We assessed the content of PNC utilisation in Rwanda, as well as the associated socio-demographics using the 2020 RDHS dataset. In this study, five key components were used to assess adequate PNC utilisation, which included; having the cord examined, temperature of the baby measured, counselling on newborn danger signs, counselling on breastfeeding and having an observed breastfeeding session. To our knowledge, this is the first study to evaluate PNC content in Rwanda.

The study results indicated that less than half (44.3%) of the mothers had received all the above five PNC components, with cord examination, having breastfeeding session observed and counselling on breastfeeding being the most frequently reported (> 70%), but with less reporting (< 60%) for the baby’s temperature measurement and counselling on newborn danger signs. The observed prevalence of adequate PNC utilisation is still too low to achieve the desired reduction in postnatal-related child and maternal mortality and morbidity. This may be partly explained by a lack of sufficient community awareness regarding PNC components in Rwanda [23], or by the lower emphasis given to some PNC components by healthcare/PNC providers as highlighted by our results, and reported by Kim et al. [37]. Thus, there is a need for tailored ANC education to improve awareness of PNC contents among the mothers, as well as continued medical education for the various PNC providers. Nevertheless, such low rates of overall adequate PNC and imbalance in receipt of particular PNC components have also been reported in other resource-restricted countries such as; Burundi, Tanzania, Uganda, Mali, Nigeria, Zambia, Ethiopia, Nepal [38], Bangladesh [37], and rural China [39], amongst others.

The study also found several socio-demographics associated with receiving adequate PNC content, which included; exposure to newspapers/magazines, exposure to radio, parity, working status, visited by a fieldworker, distance to a health facility, region, permission to seek healthcare, ANC frequency, ANC quality, and ANC facility.

Women with no exposure to newspapers/magazines had less odds of receiving adequate PNC compared to the exposed ones, which might be because the unexposed women are more likely to miss out on the key maternal health and PNC information disseminated in the newspapers/magazines. However, women with no radio exposure interestingly were more likely to receive adequate PNC compared to those exposed to radio. There is no clear explanation for this finding, but it may be because of the propaganda or misinformation regarding healthcare delivery at government/public health facilities portrayed mainly via radio channels/programs. Nevertheless, although no study has explicitly evaluated the relationship between media exposure and PNC quality/content, media exposure has been shown to generally have a positive influence on PNC utilisation in other settings including Sierra Leone [5], Zambia [40], Southern Ethiopia [41], and Bangladesh [42].

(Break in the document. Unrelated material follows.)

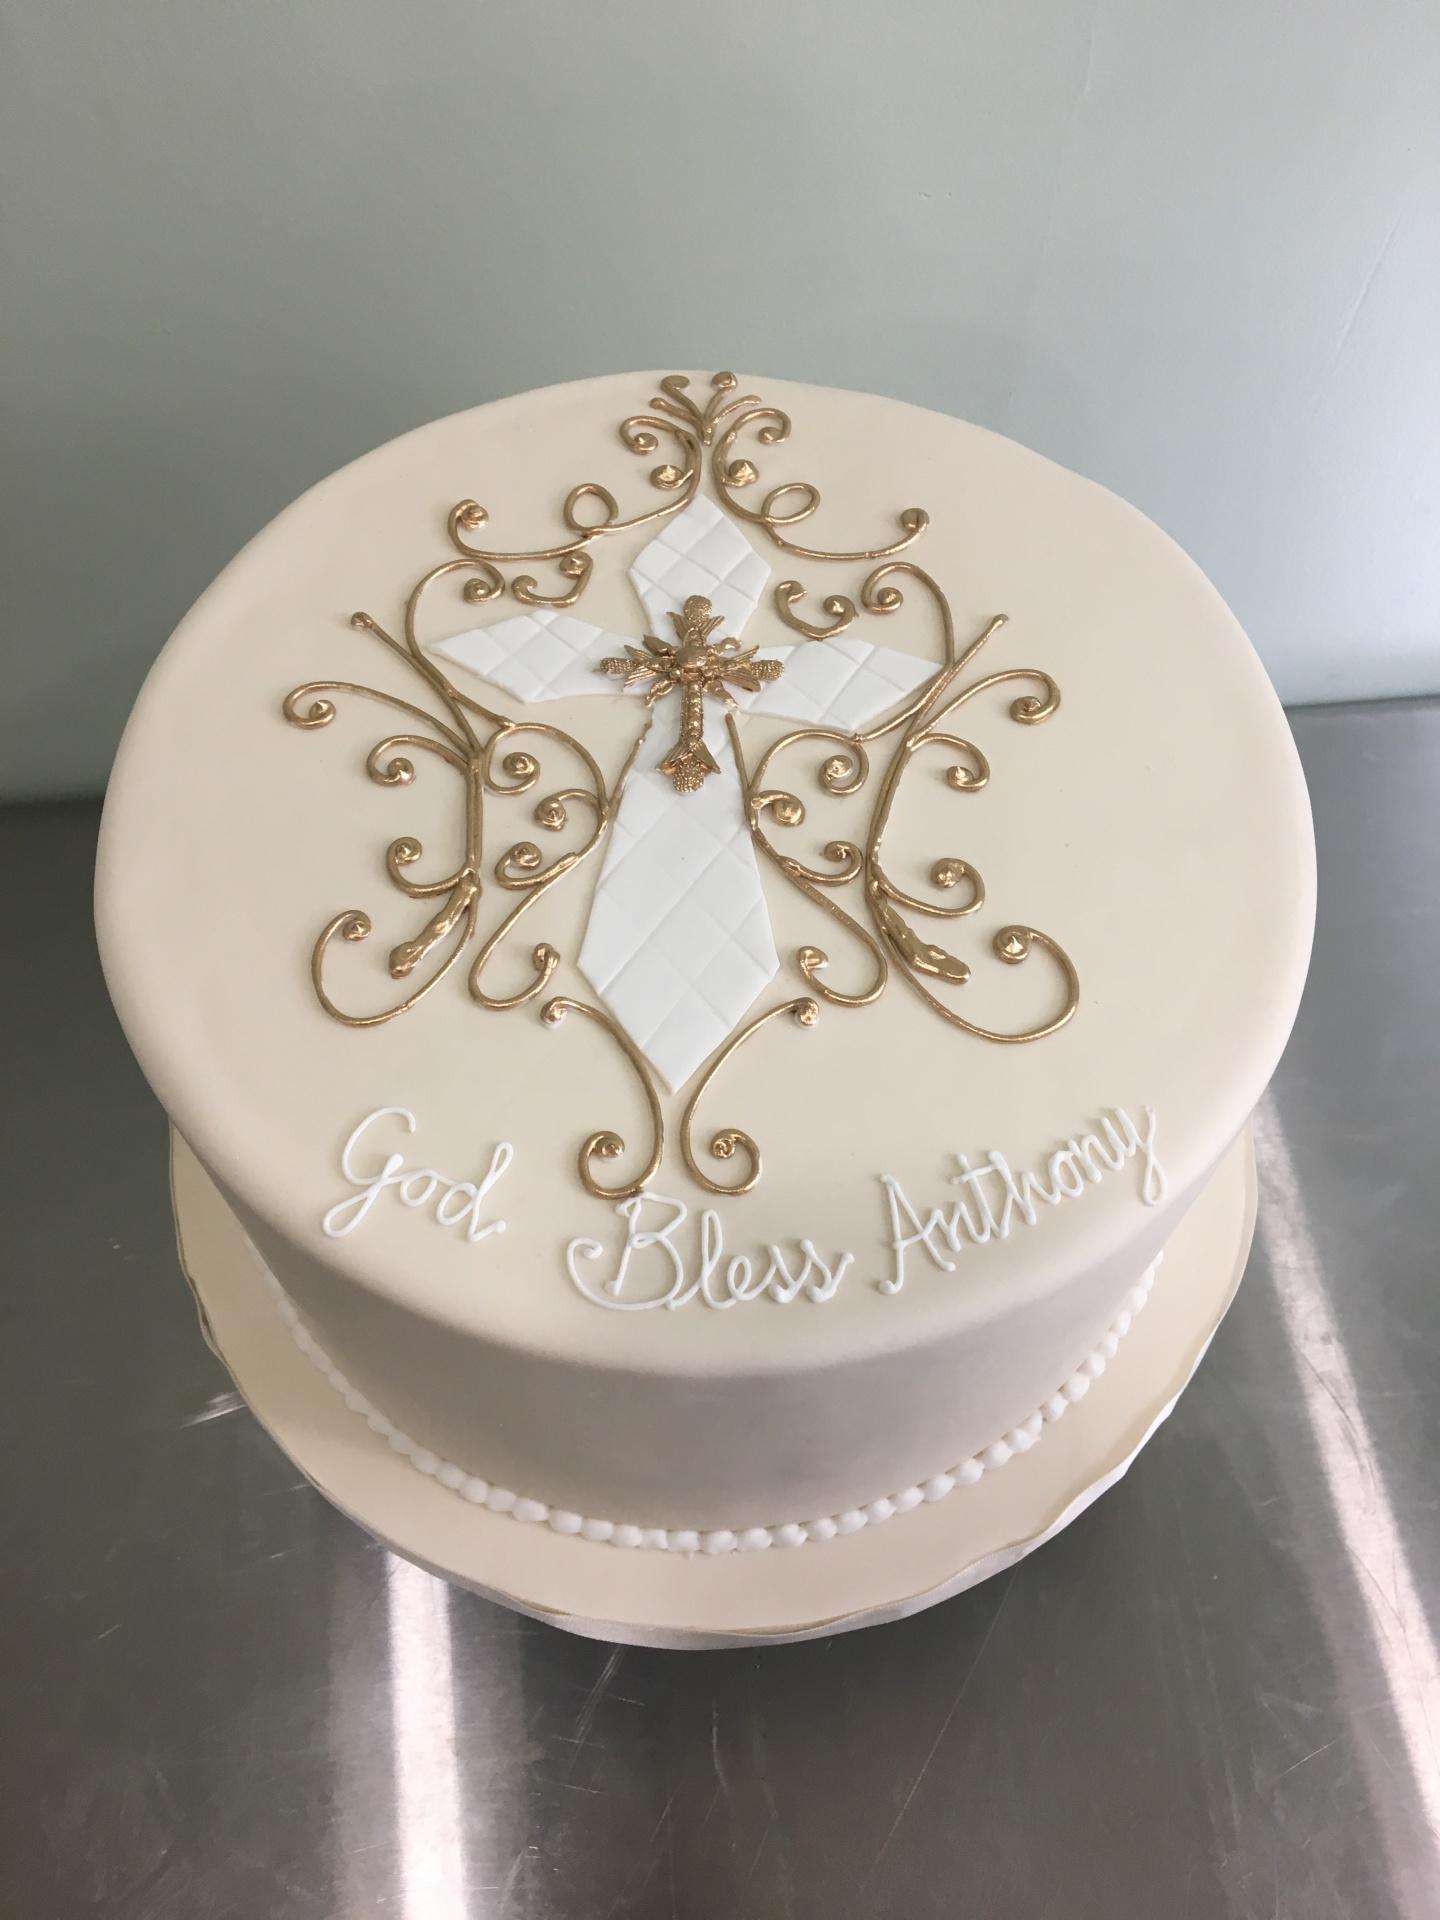 Confirmation Cake Ivory and Gold Cake NJ Cakes

Parity was also found to affect receipt of adequate PNC, whereby women with parity of less than 2 had less odds of getting adequate PNC compared to those with parity of 5 and above. This may be because women with multiple parities tend to have more experience regarding the importance of ANC and PNC acquired from previous pregnancies and births, unlike women giving birth for the first time [5]. Although this finding is in agreement with Chakraborty et al. [43], it deviates from several other studies that reported first-time mothers having more likelihood of complete PNC utilisation/ visits [44,45,46,47,48].

Working women also had less odds of having adequate PNC compared to non-working counterparts, which is probably since working mothers tend to have work duties/responsibilities as a competing priority and are more likely to miss out on PNC visits thus failing to achieve adequate PNC content. The finding is in line with several studies that have shown maternal working status as a barrier to complete PNC visits [5, 45, 47]. However, Abebo et al. reported that government-employed mothers in southern Ethiopia were more likely to receive complete PNC utilisation compared to other occupations [49]. This implies the need to enforce and strengthen favourable maternal leave policies, especially for women working in the private and informal sector, to enable them to achieve complete and adequate PNC utilisation.

Women visited by a fieldworker, were more likely to receive adequate PNC compared to the non-visited ones, possibly because fieldworkers tend to encourage and remind newborn mothers of the importance of adequate PNC utilisation thus achieving adequate PNC content. Not surprising this finding concurs with a PNC utilisation study that highlights visits by fieldworkers as an enabling factor [5].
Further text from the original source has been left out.